In terms of a personality? I have one. I guess. However, it's an open box, slightly irregular, analog, neon plaid, and batteries not included purchased at a shady flea market stall kind of personality.
Psychologically, I suffer from major depressive disorder, with manic tendencies which is interesting because I can't find, "Manic Tendencies" in the DSM-V. I guess my psychiatrist really thought I was special and deserved something customized! It was sweet of him, really. I also have PTSD related to domestic violence, social anxiety disorder, and was exposed to a buffet of illicit drugs in utero.
People think I'm eccentric when really, I'm a ball gag, straight jacket, and resides in a padded cell kind of psychotic. My delusions might be absurd and self-destructive, but they're a lot of fun!
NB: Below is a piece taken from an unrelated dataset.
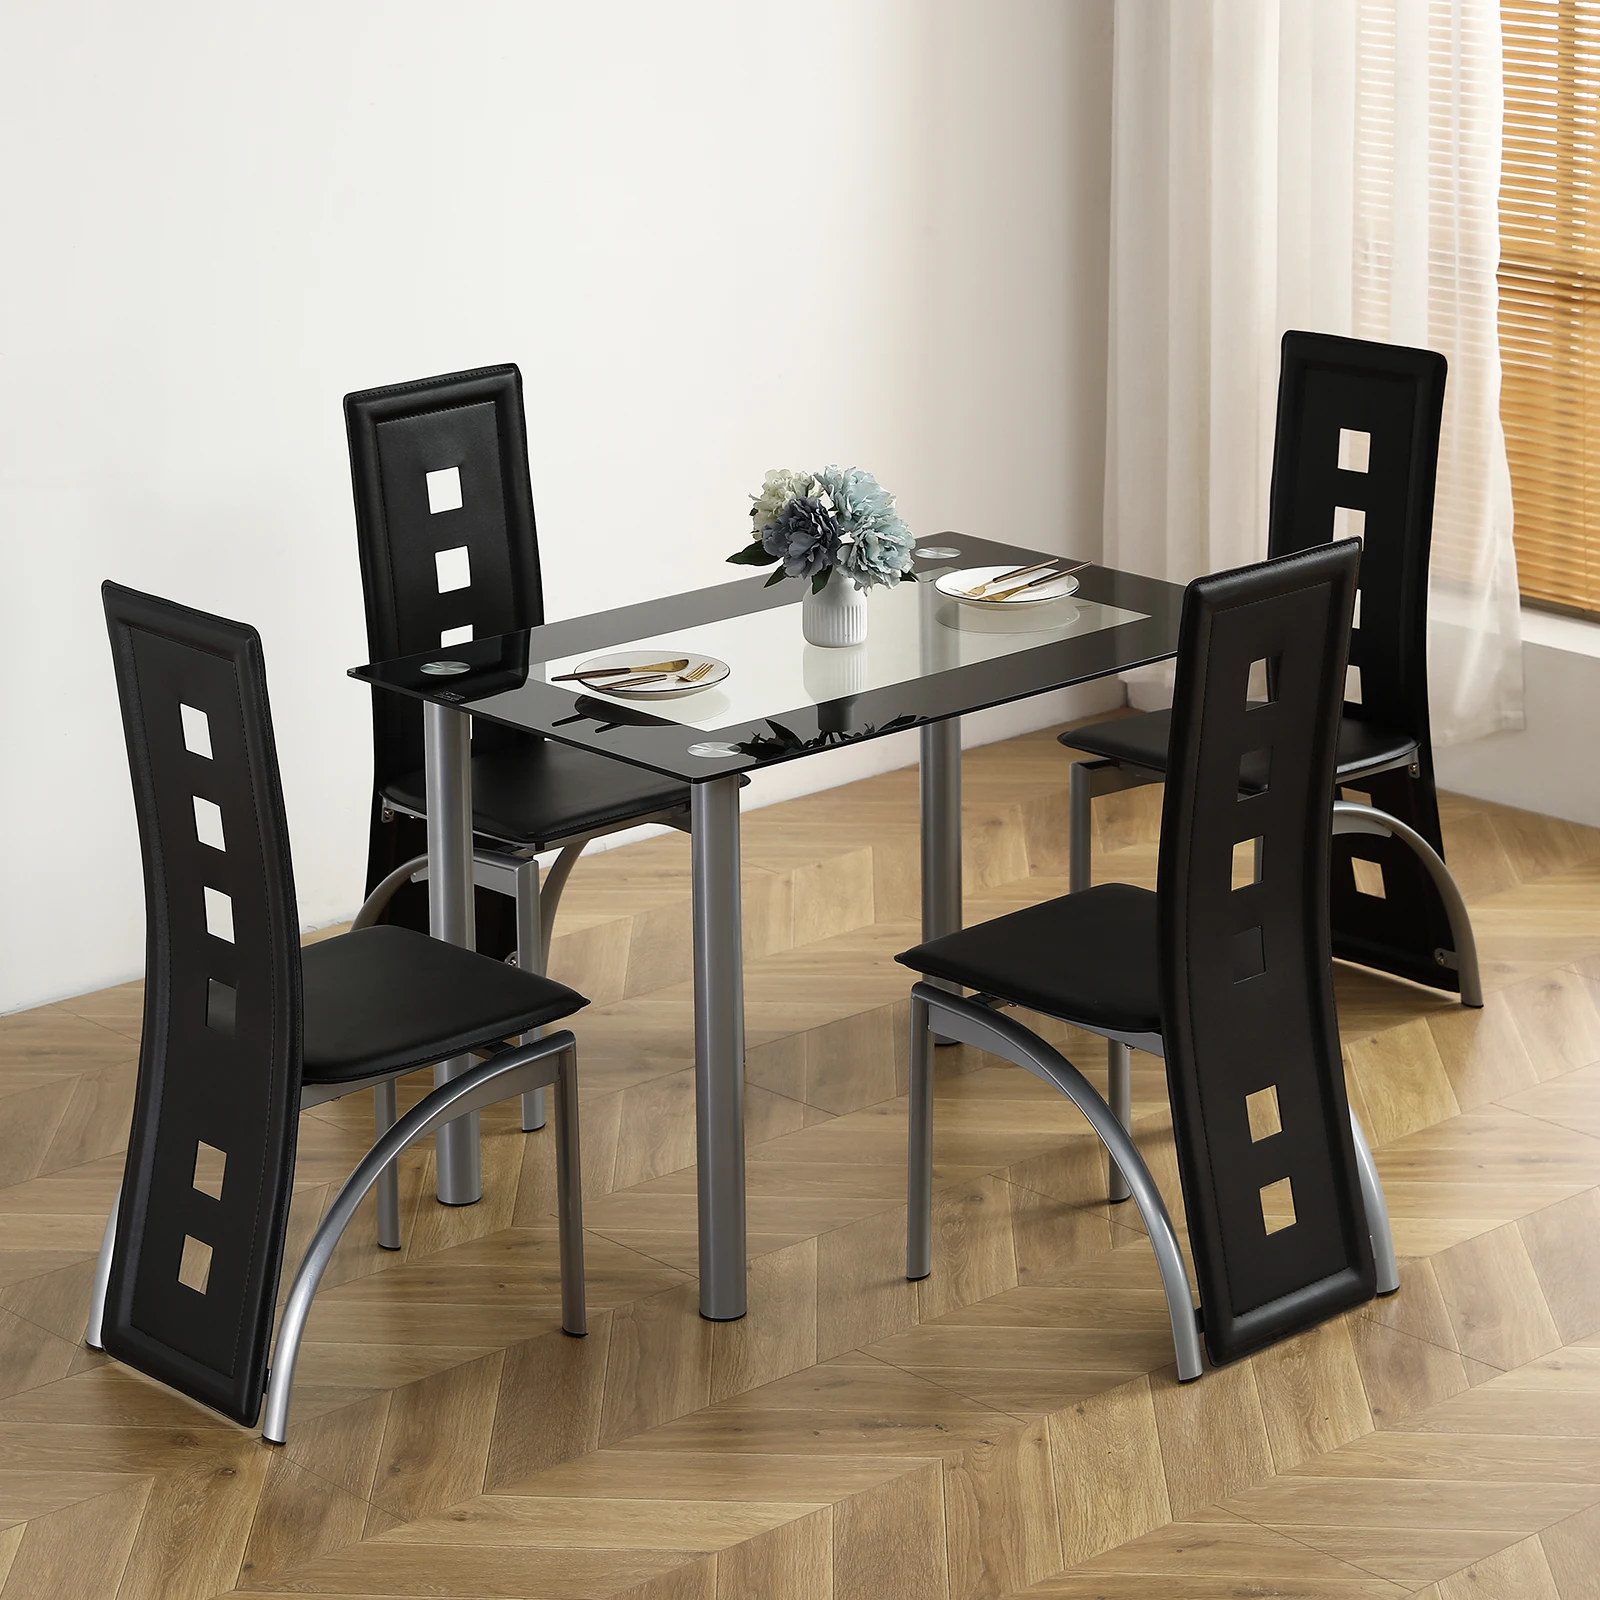 

[Flash Sale] набор из 5 предметов для 4 обеденных столов, обеденный стол из закаленного стекла для кухни, 4 черных стула, серебристые ножки стола [US-W...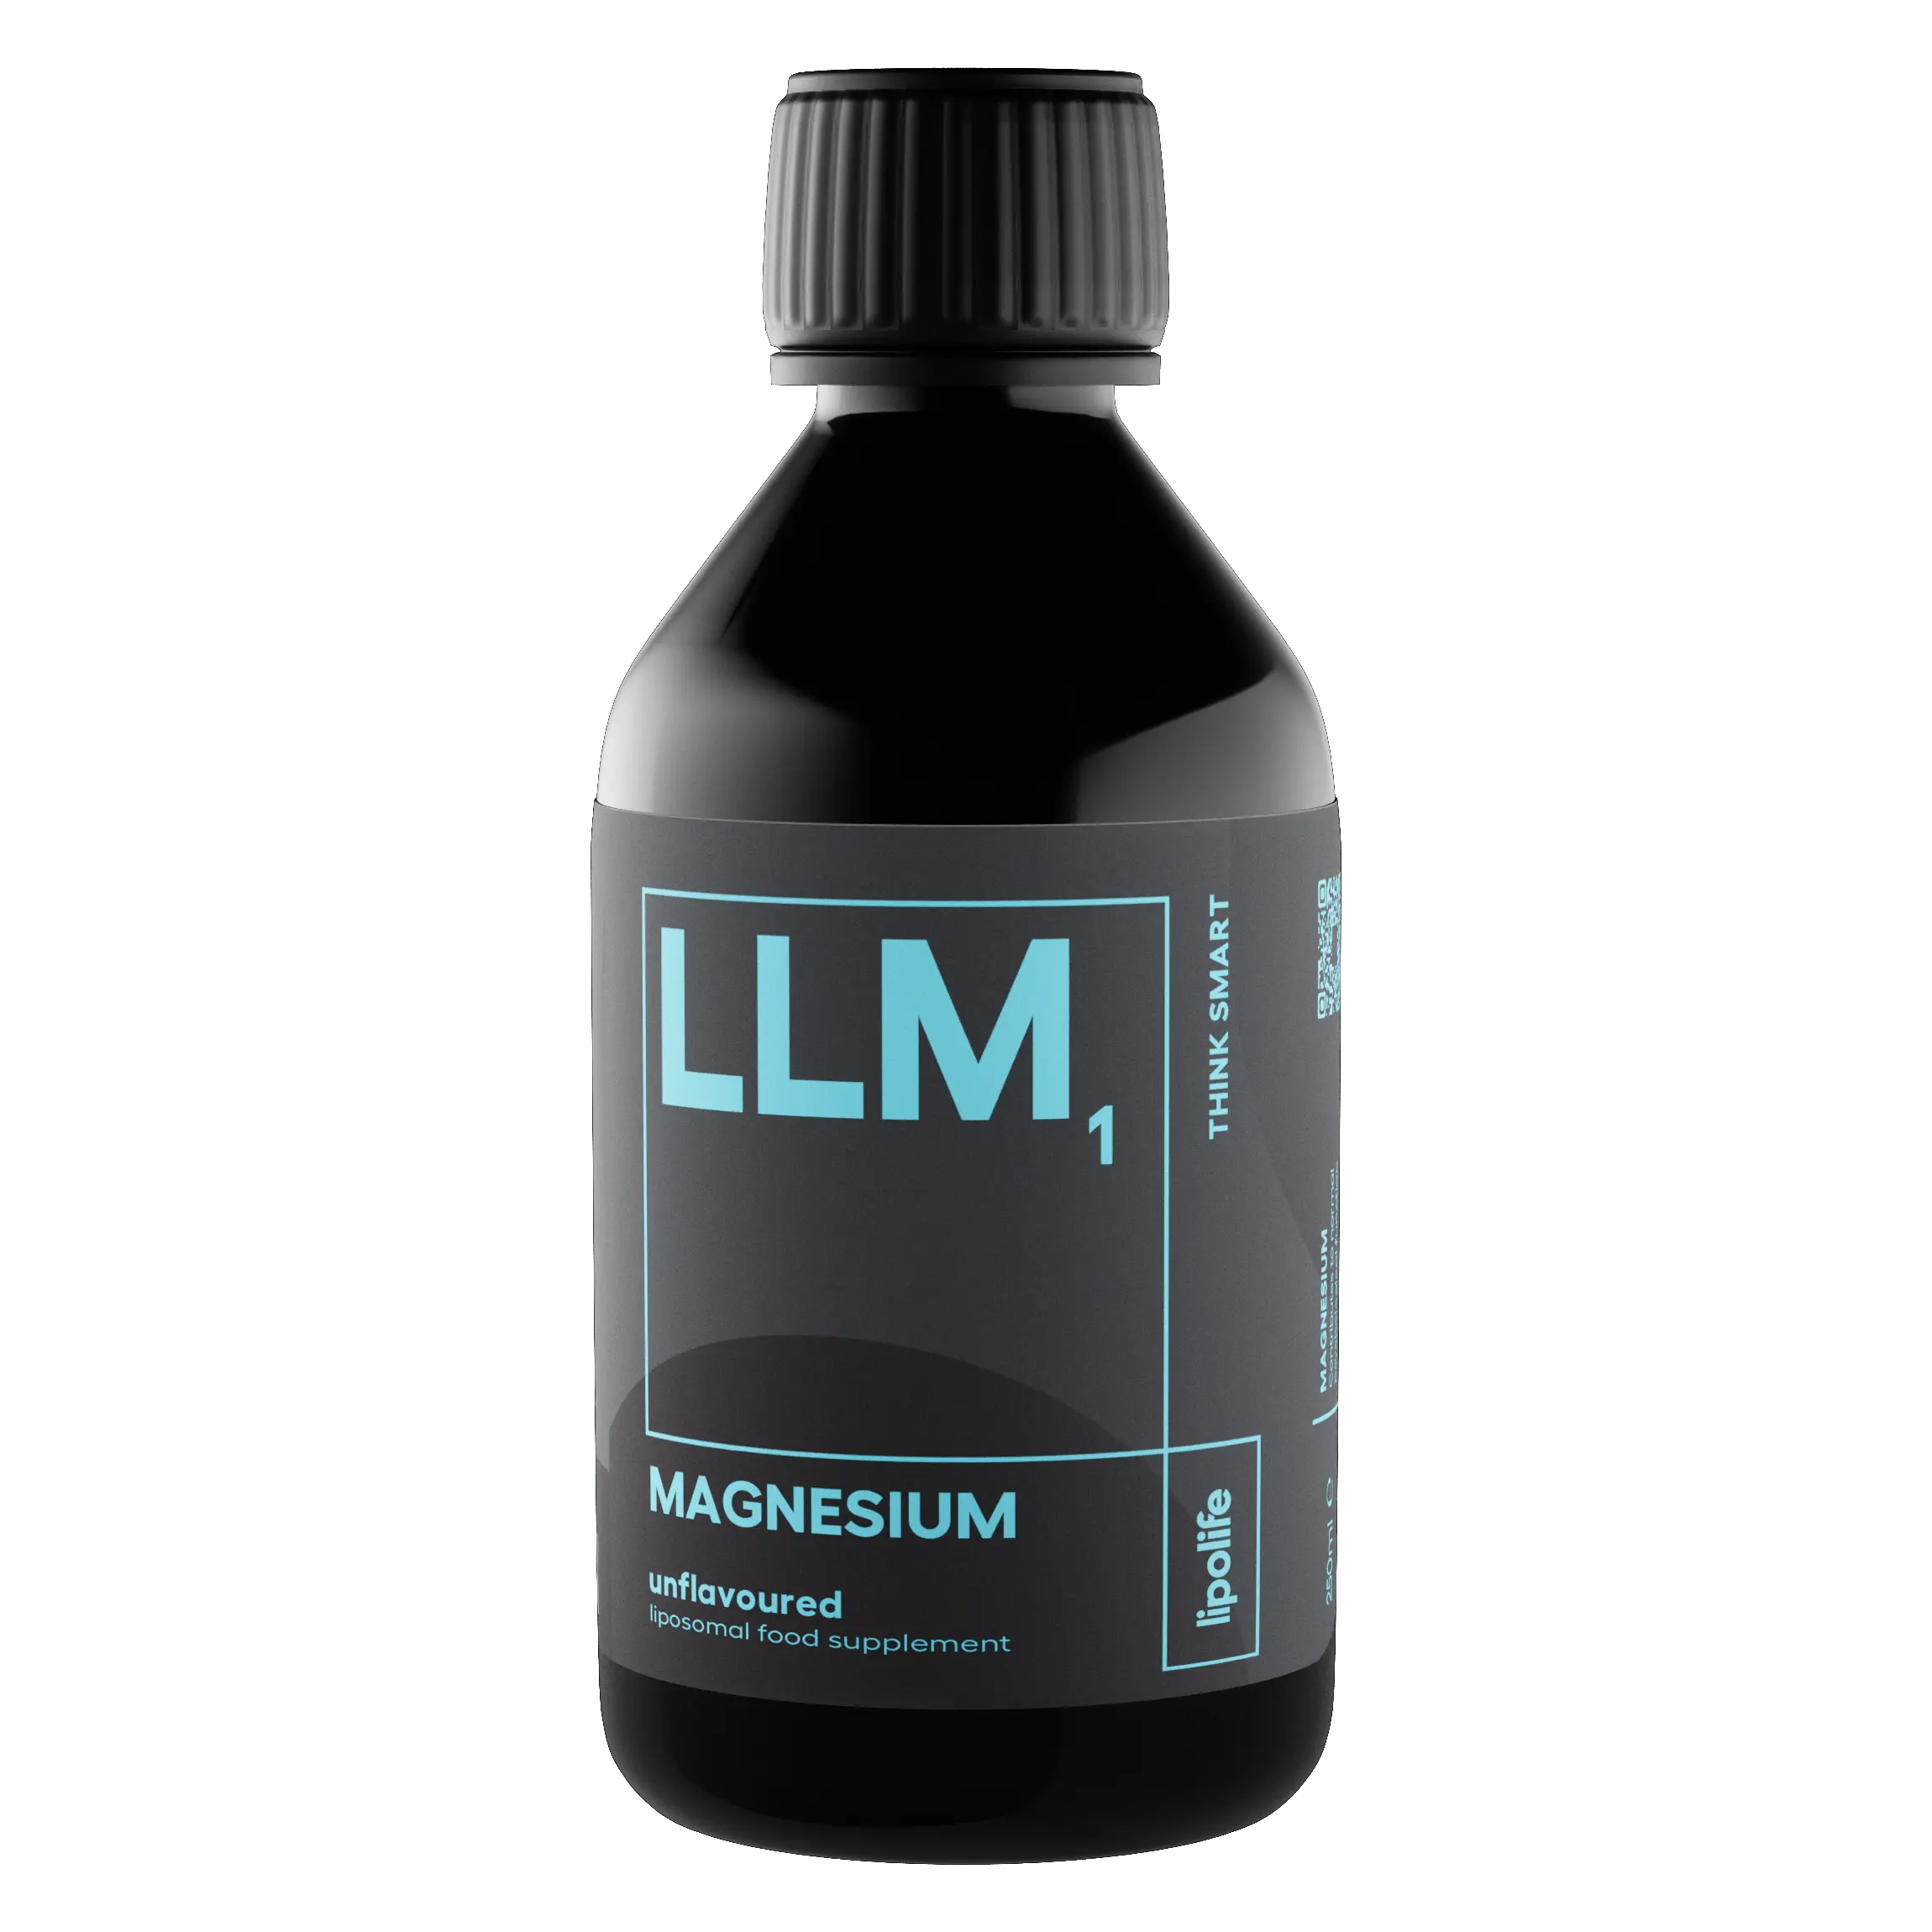 LLM1 - течен и липозомен магнезий, 240 мл.

I am a social worker with crippling social anxiety. I can be in a room with 3-4 people, but any more beyond that and I want to curl into the fetal position under the nearest bed.
I am a husband and father of 4. Really! No, they're not imaginary and I know this because if they were imaginary I'd have a lot more fucking money.
I can quote hard rock and heavy metal lyrics verbatim, but I know fuck all nothing about anything that qualifies as useful. Change a tire sew or replace a button on a shirt? Fuck no! Quote the lyrics to both versions of AC/DC's, "The Jack?" Fuck yes!
I was a Taco Bell restaurant manager for more than 10 years. Although it's been nearly 16 years since I worked there my sweat still smells like red sauce.
I hate reality television and country music. Honestly, prolonged exposure to either will likely result in a loss of a minimum of 10 IQ points and at least 1 child conceived with a first cousin.
I'm not into porn, but if there isn't a Golden Girls inspired porn series there should be!
The only addiction I never treated as a substance abuse counselor was addiction to Flintstones Chewable Vitamins. It's probably a good thing because I don't have a fucking clue how I would've responded to being told, "I used to do horrible, horrible things for a hand full of Bam-Bams."
Is there a Just Fans page with just fans? Do you have to pay more for variable speed or oscillating? I can imagine someone getting a little moist in the knickers after watching a black stainless steel oscillating fan with a chrome fan cover blowing on high.
I would rather have my ass lubricated with battery acid immediately followed by a prostate exam performed with a running, rusty chainsaw than be anywhere near a clown.